So I paid the man the money, and hopped into my car to go and park it out of the way (off the public highway, I hasten to add...) and first thing I noticed was that A) a headlight was out and B) either the clutch was worn out or not adjusted properly on the cable. Nevermind.

So I parked it up, all running smoothly and forgot about it for a couple of months.

The reason I bought the car was because I already have a 1967 2.5 petrol Land Rover, which is not an economical daily, and I also have a 1972 2.0 petrol Triumph GT6 which is not an economical daily either. So I wanted a nippy hatchback with a reliable, rugged engine and a heater that worked and lights that lit up the road at night. The Micra seemed an obvious choice after I had my ear talked off about how great they were by a friend. (And of course playing Gran Turismo as a kid on playstation and racing Nissan Skylines)

Other things that swayed me to Clan Micra were the fair fuel efficiency, interestingly designed engine (all aluminium alloy, twin cam and chain driven being the main points) low cost and huge spares availability in the scrap yards.
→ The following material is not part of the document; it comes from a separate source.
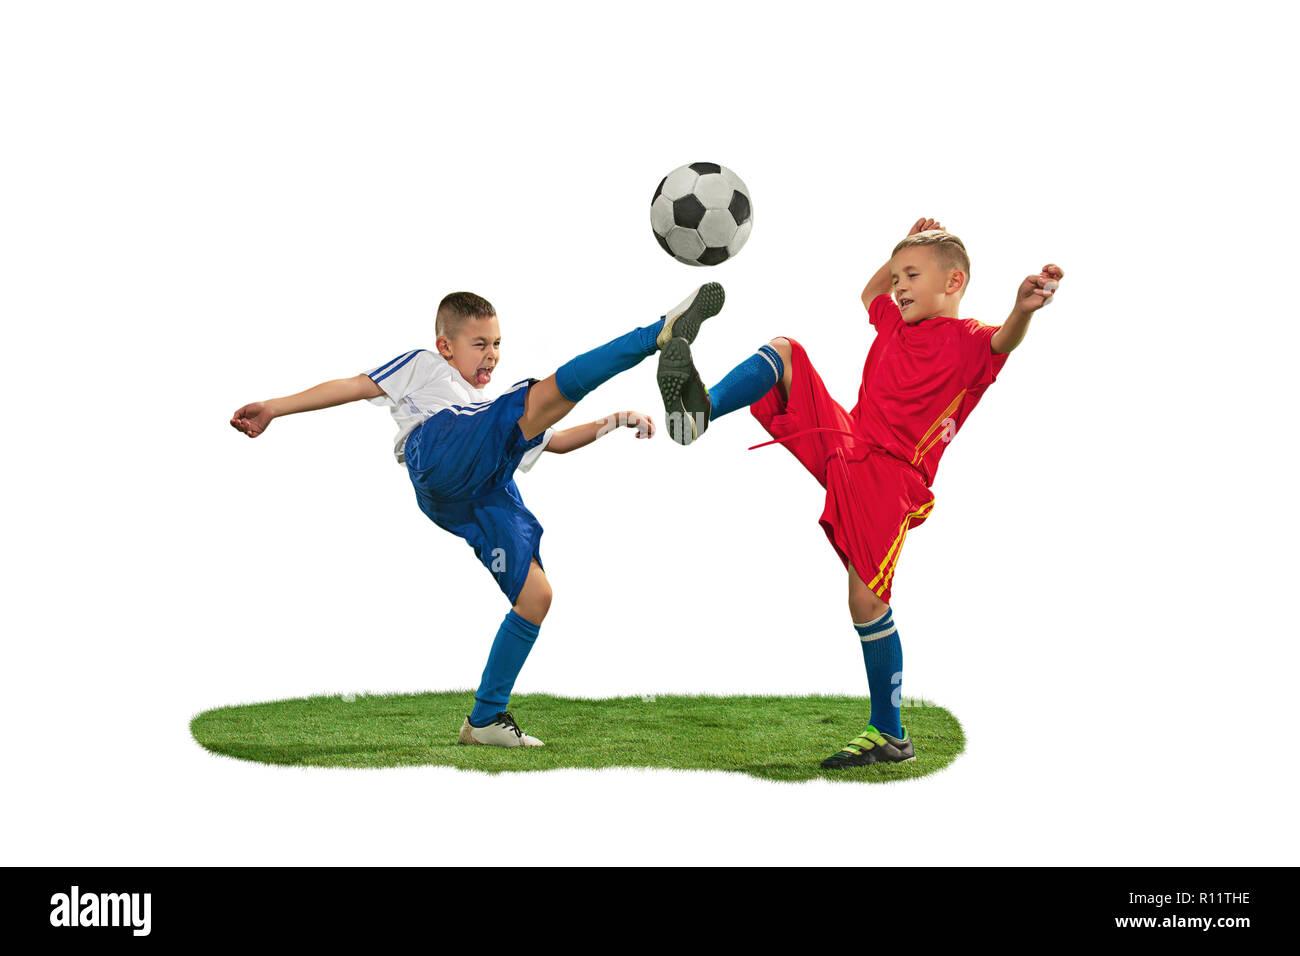 Soccer Player Doing Kick Ball Imágenes De Stock   Soccer Player ... 31e4a181b5b61

So anyway, I had parked up the car with no intention of driving it until I considered it "complete". So that gave me a luxury of being able to decide just what to do. My background is a diesel engineer with the RAF, so I'm not shy to engines and tuning etc. I was first presented with the dilemma; engine - to swap or not to swap. I considered the usual. GA16 was too heavy and not tuneable enough. SR20 I personally felt was a little overdone. I wanted something crazy. Mad. I hunted about (Still in the Nissan stables) looking at importing an X-Trail and doing a 4x4 SR20VET conversion. Soon, cost added up to over £15,000 so yeah, I had to stop dreaming and get real. A new RB26 direct from Nismo was also considered, but I don't think I've got the ability to mid-mount it like I wanted. And that would have cost around £15k too. So I've made my decision, which is to keep a modest budget and run a N/A high compression, High revs CG13, with as much power as I can manage without too much low end torque sacrifice.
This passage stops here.